If your Certificate is about to expire, you need to generate a new one.
The procedure is somewhat dependent on whether you are using a CA or not.
Regenerate SSL-Certificate with CA
Creating a CSR
In this case you need to generate a new CSR
(Certificate Signing Request) for the CA to sign.
If you want to keep all your configurations the same, you can use the existing Certificate as configuration and reuse your private key.
If you want to change your configuration, you can either reuse you private key or generate a new one as well.
Reuse old Certificate
If you still have your old certificate and private key, you can use them to create an new csr with identical configuration.
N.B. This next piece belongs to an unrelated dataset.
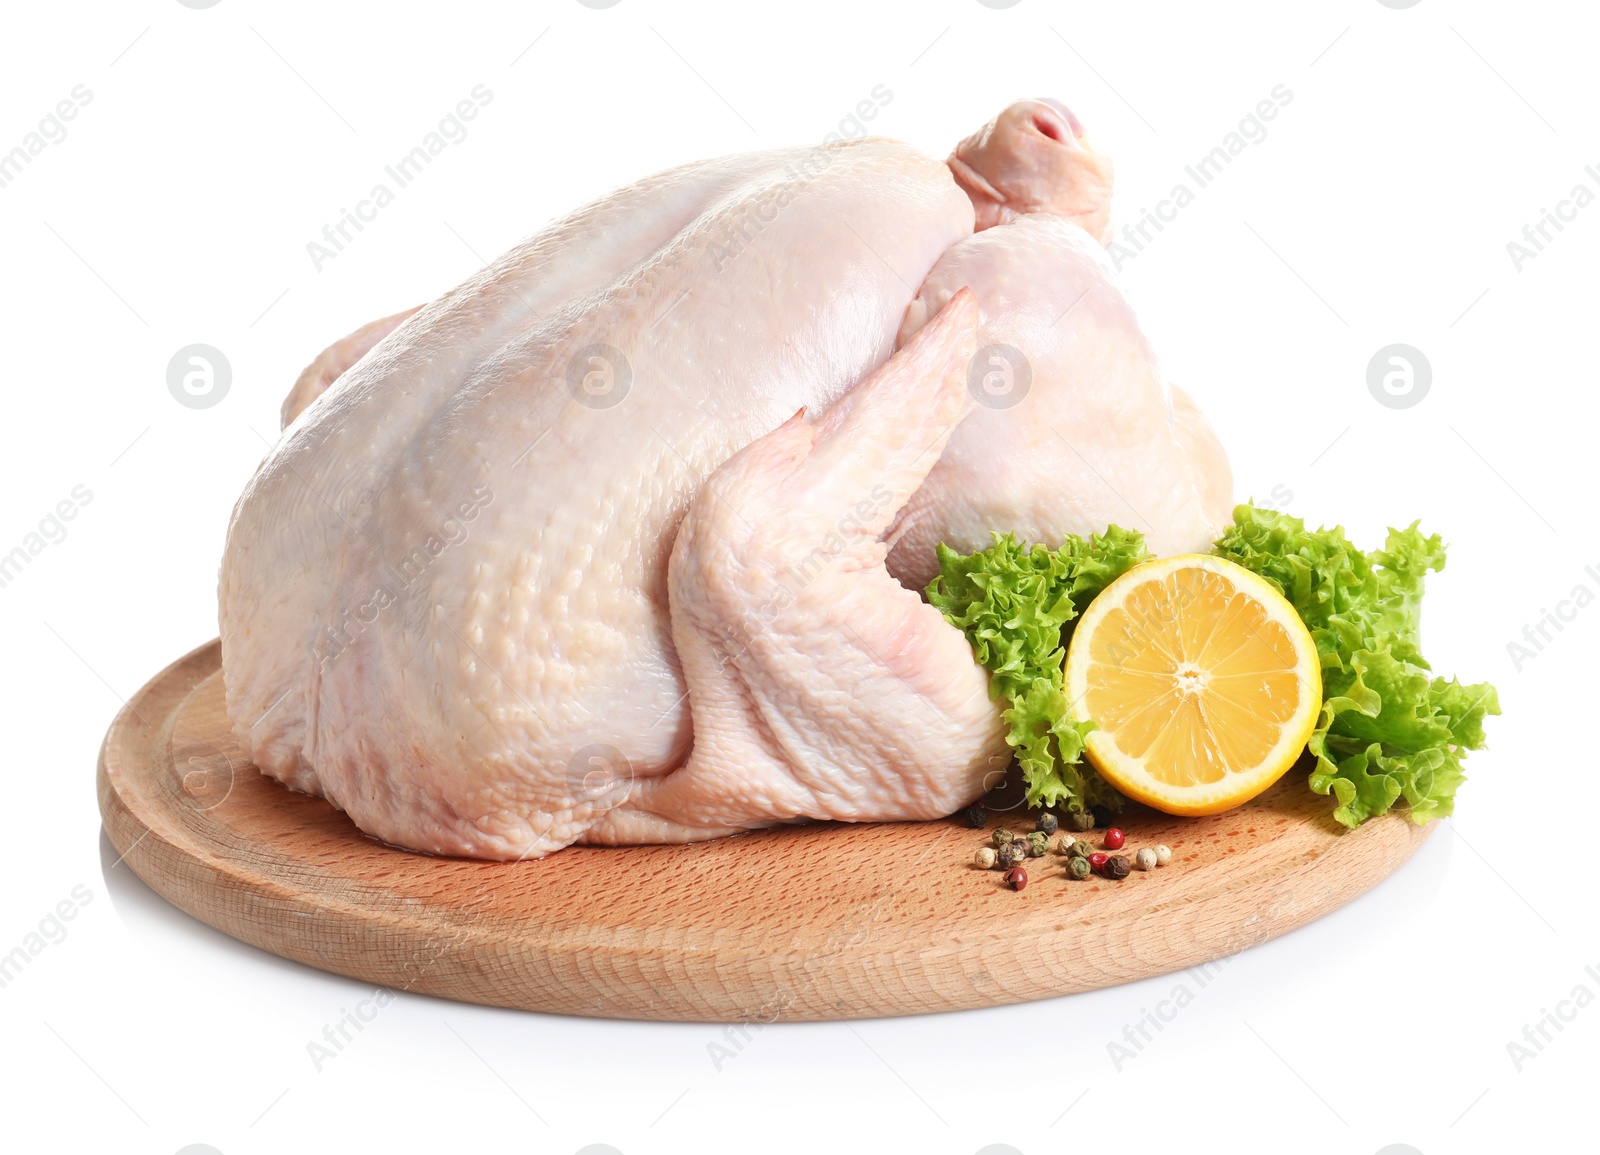 Photo of Wooden board with raw turkey and ingredients on white background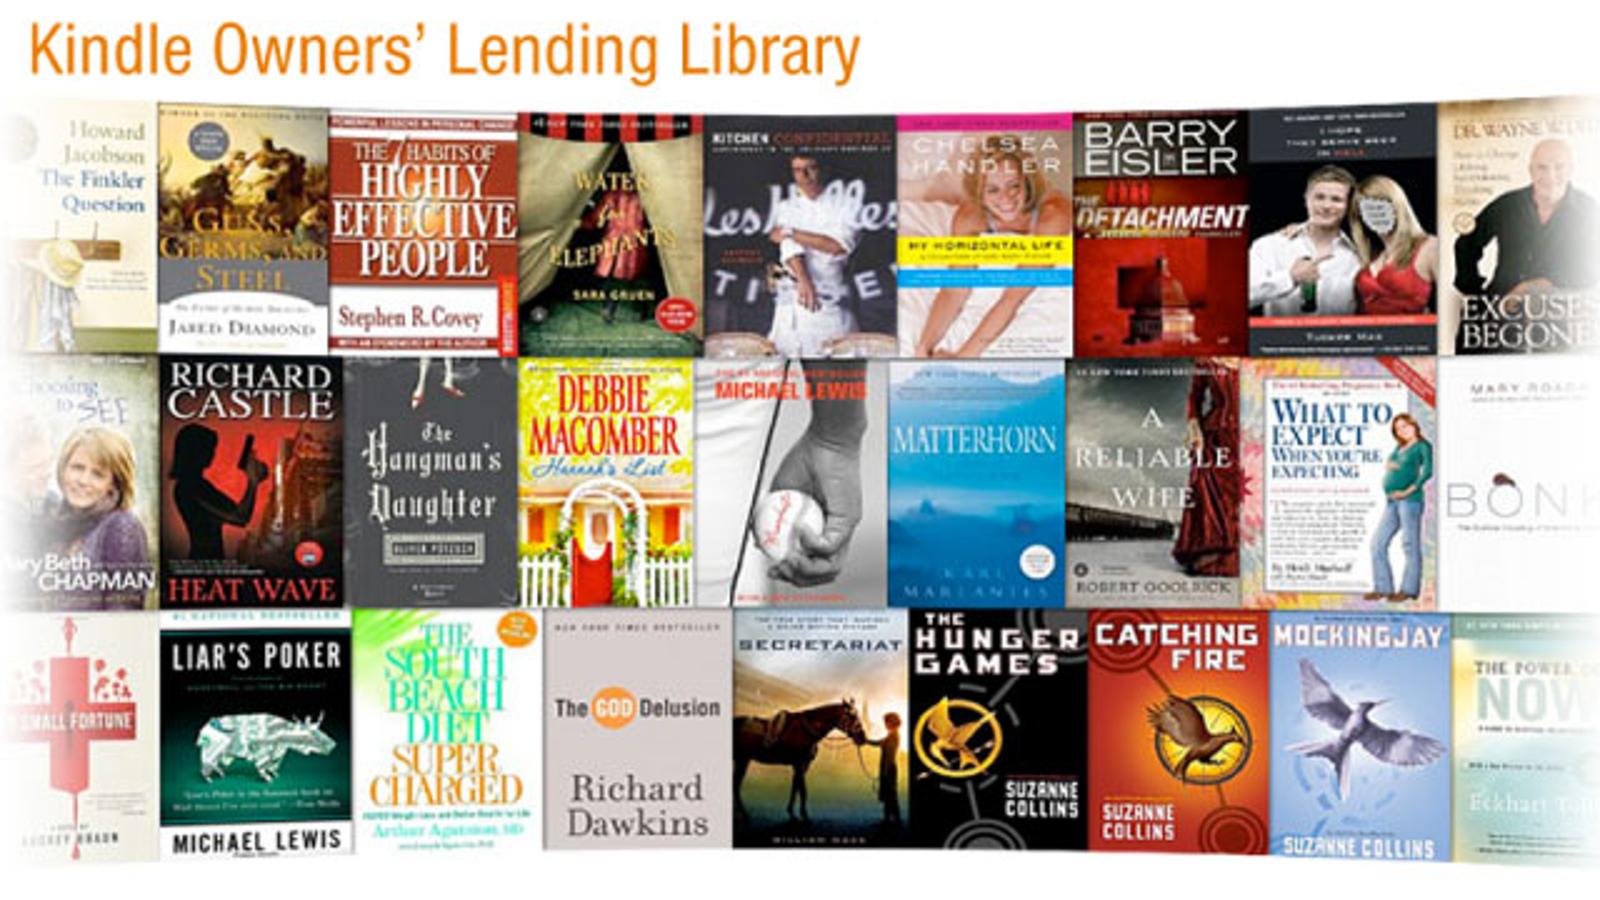 can i download ebooks to kindle from dpla

$ openssl x509 -in domain.crt -signkey domain.key -x509toreq -out domain.csr
This will take the configuration form your old certificate domain.crt
, sign it with your old private key domain.key
and outputs your new signing request domain.csr
.
Reusing your Private Key with new Configuration
$ openssl req -key domain.key -new -out domain.csr
This will use your existing private key domain.key
to output your CSR domain.csr
.
Creating a new Private Key
$ openssl req -newkey rsa:2048 -keyout domain.key -out domain.csr
This will output your new private key domain.key
and your CSR domain.csr
.
Signing the CSR
This can only be done if you have full control over your CA. Otherwise you will send the CSR to an administrator.
$ openssl x509 -req -CA rootCA.crt -CAkey rootCA.key -in domain.csr -out domain.crt -days 365 -CAcreateserial -extfile domain.ext
Generate new SSL-Certificate without a CA
If you don’t have a CA and just want to self-sign your certificate do it like this.
$ openssl req -newkey rsa:2048 -nodes -keyout domain.key -x509 -days 365 -out domain.crt
This will create a new private key and a certificate.